■ WHAT TO DO: Using the entries that follow, transcribe only the lines from the line with "Side-by-side view of" to the line with "Diced peach slices", both included, exactly as they stand and without pictures.

===== SUPPLIED MATERIAL =====

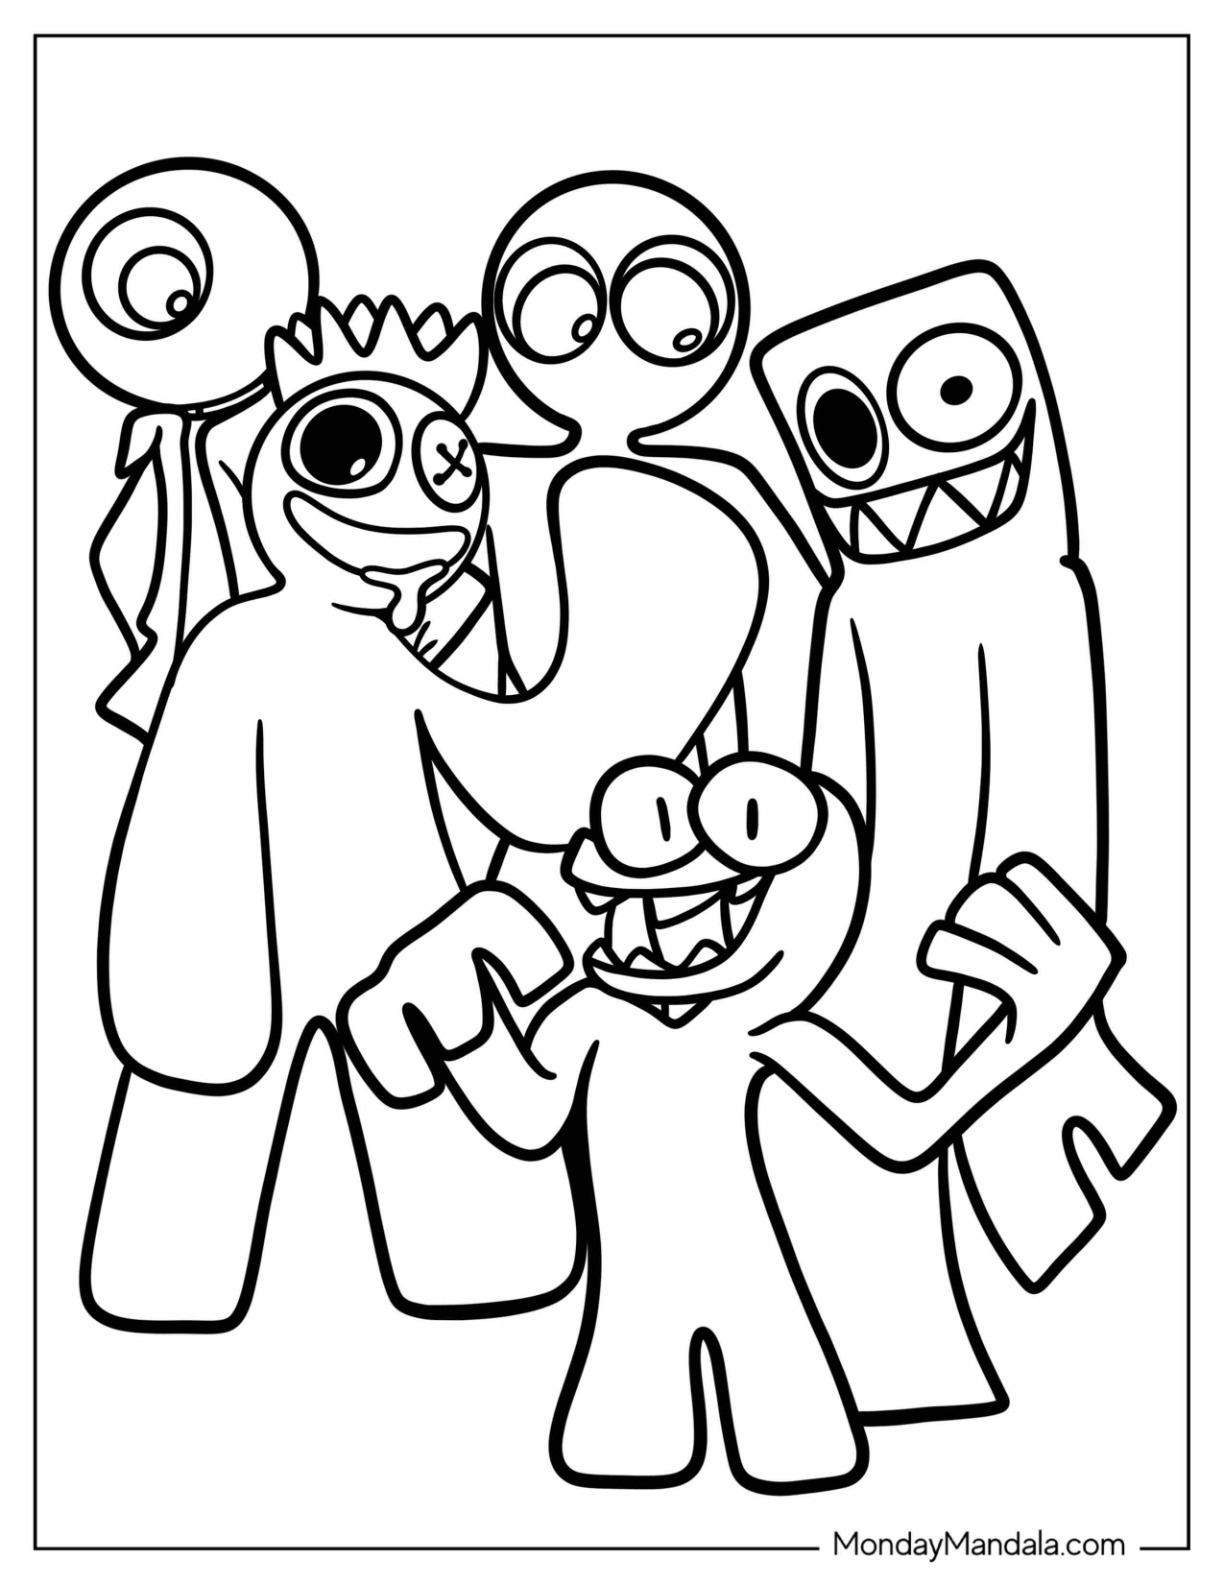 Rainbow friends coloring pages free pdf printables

=====
===== SUPPLIED MATERIAL =====

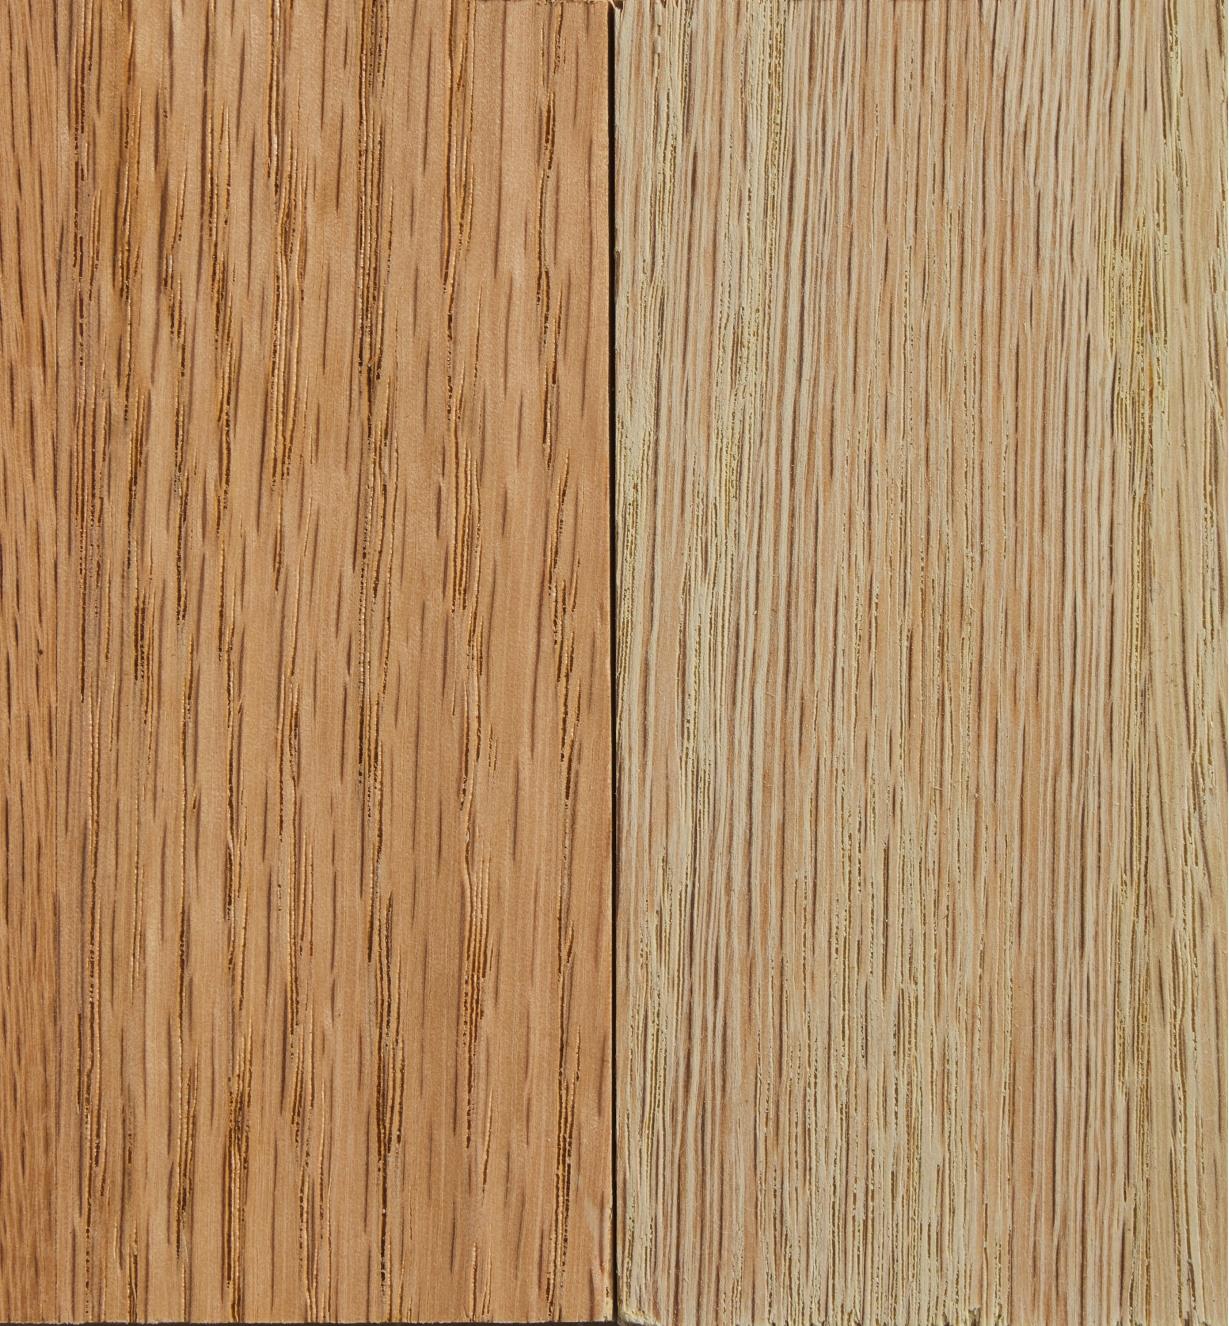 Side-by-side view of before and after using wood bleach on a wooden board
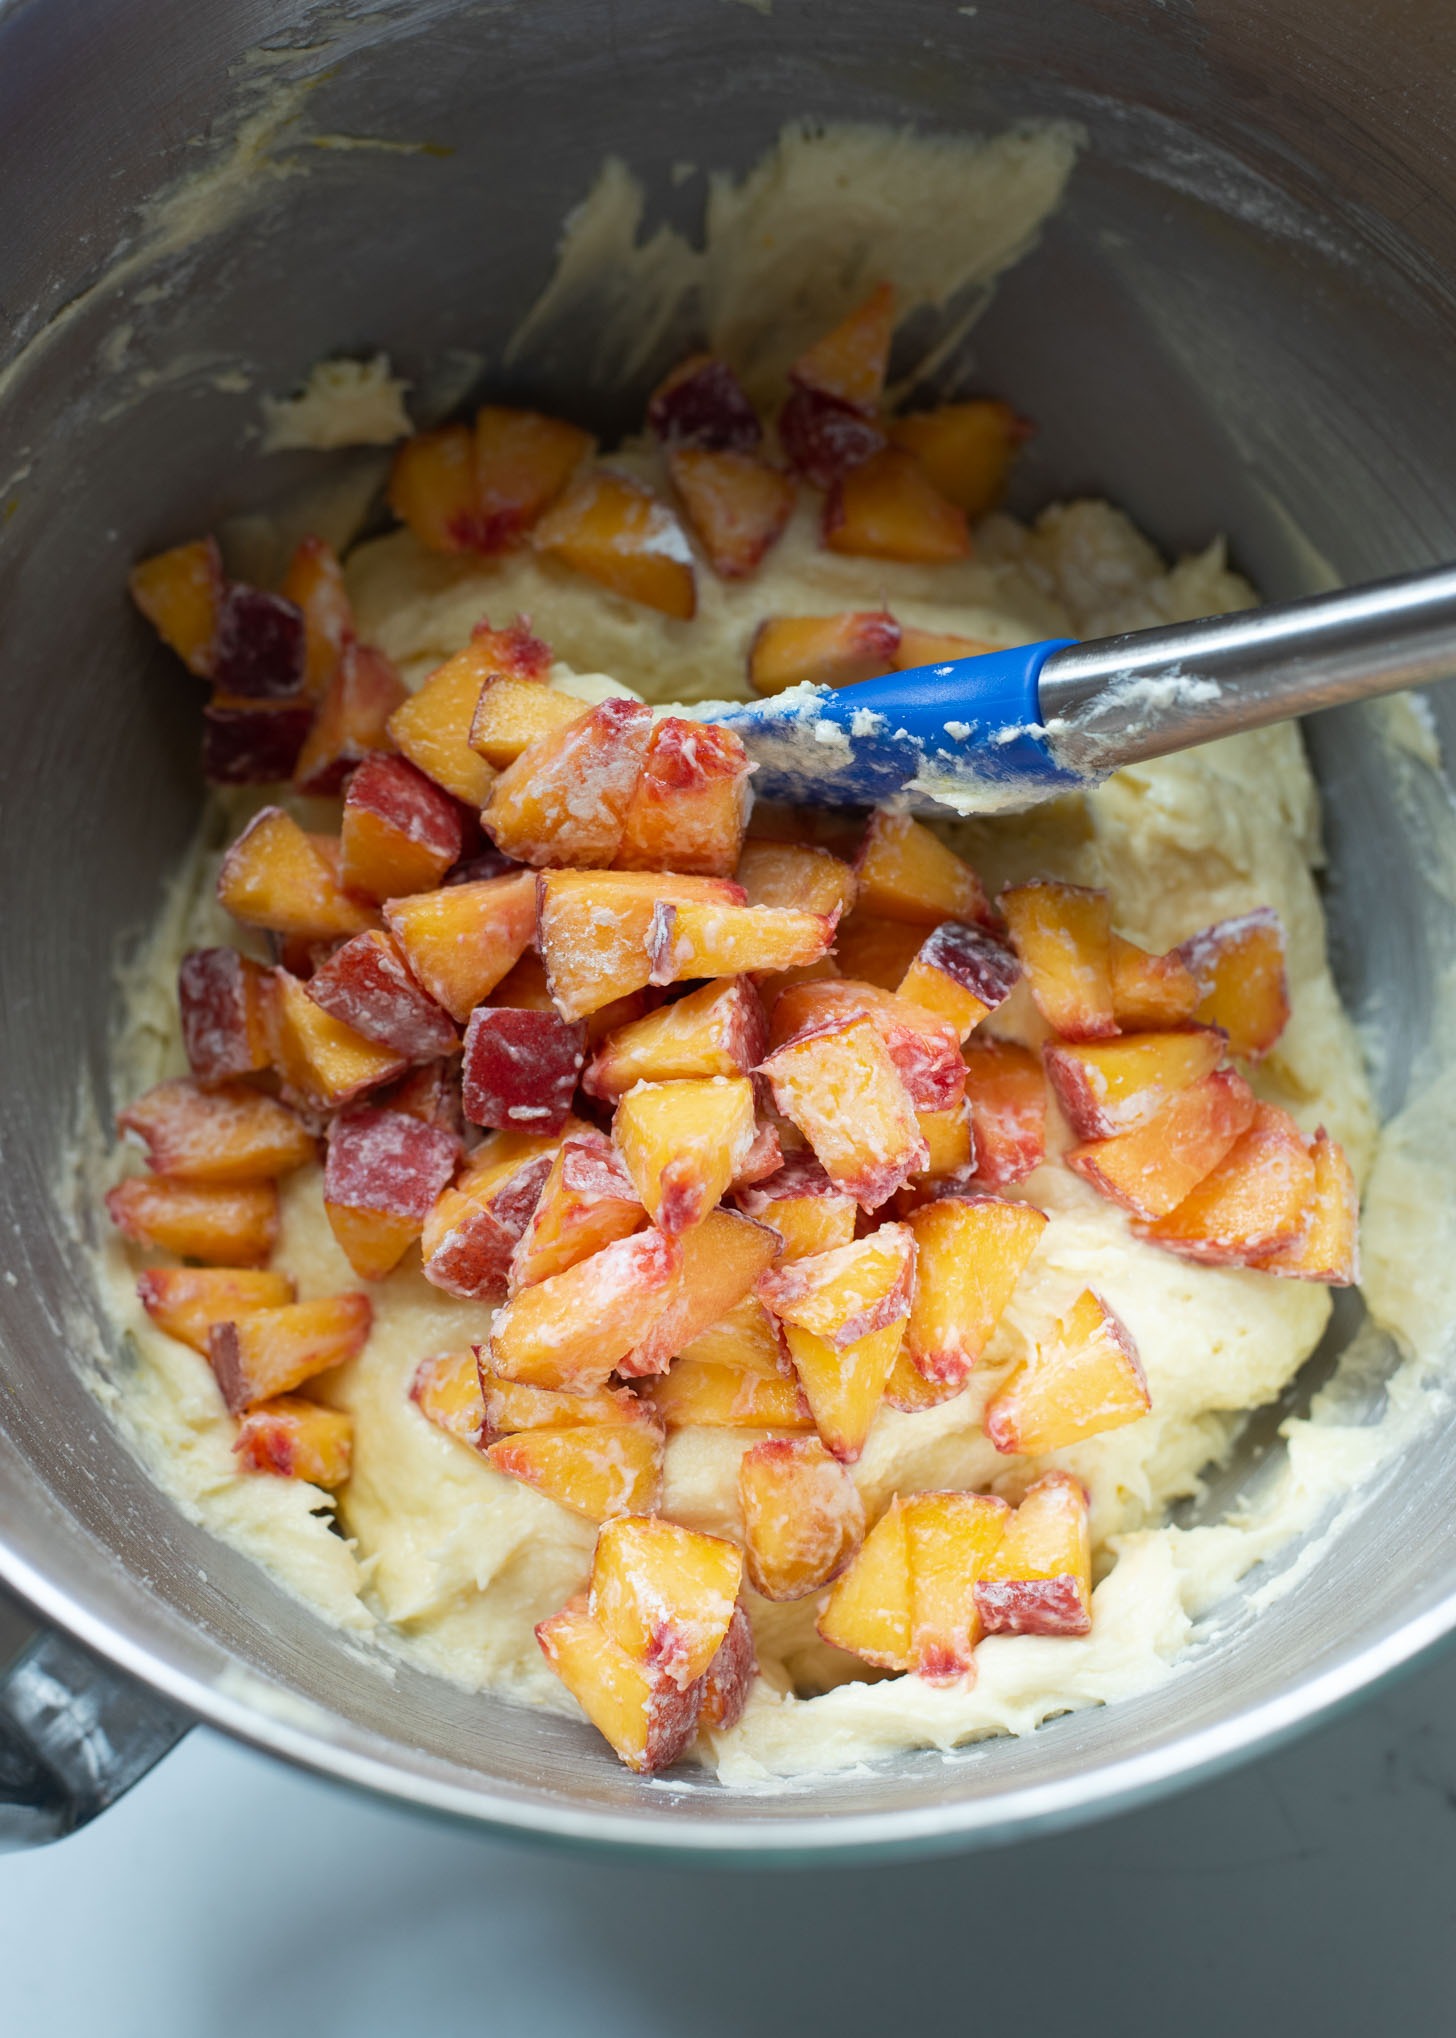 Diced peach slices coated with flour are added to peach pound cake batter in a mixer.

=====

■ SOLUTION:
 Side-by-side view of before and after using wood bleach on a wooden board
 Diced peach slices coated with flour are added to peach pound cake batter in a mixer.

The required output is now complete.